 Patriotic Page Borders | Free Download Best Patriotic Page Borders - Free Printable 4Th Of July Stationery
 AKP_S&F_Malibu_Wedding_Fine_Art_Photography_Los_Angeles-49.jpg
▬▬▬▬▬▬▬▬▬▬
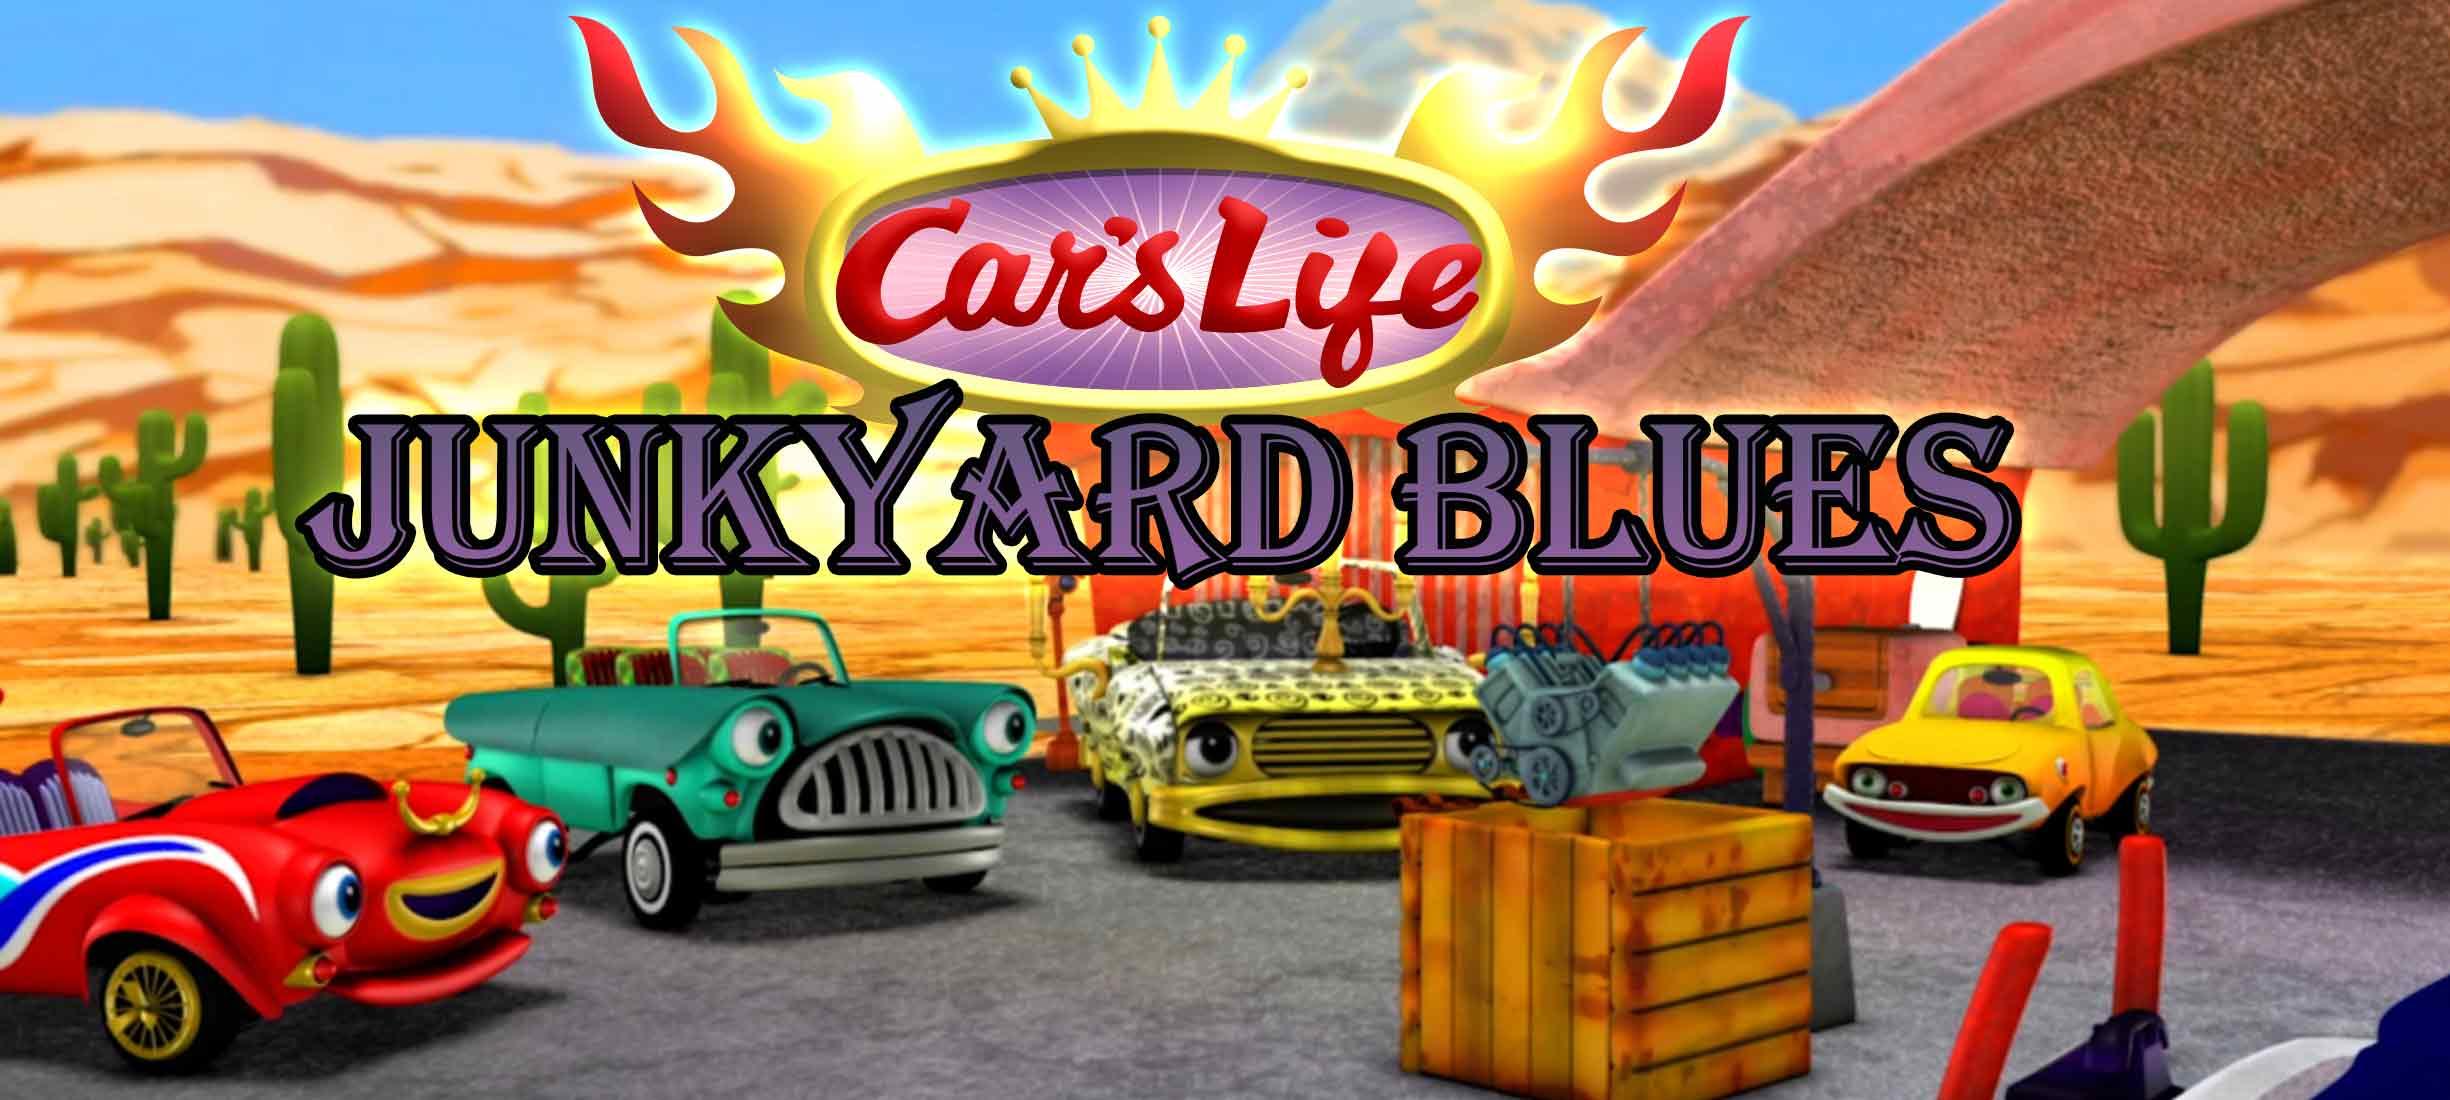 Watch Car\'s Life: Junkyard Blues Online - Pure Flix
▬▬▬▬▬▬▬▬▬▬
> [YOUR TASK]:
Only the lines above from the one with "Patriotic Page Borders |" up to and including the one with "AKP_S&F_Malibu_Wedding_Fine_Art_Photography_Los_Angeles-49.jpg" should be repeated, exactly as written.

> [TASK RESULT]:
 Patriotic Page Borders | Free Download Best Patriotic Page Borders - Free Printable 4Th Of July Stationery
 AKP_S&F_Malibu_Wedding_Fine_Art_Photography_Los_Angeles-49.jpg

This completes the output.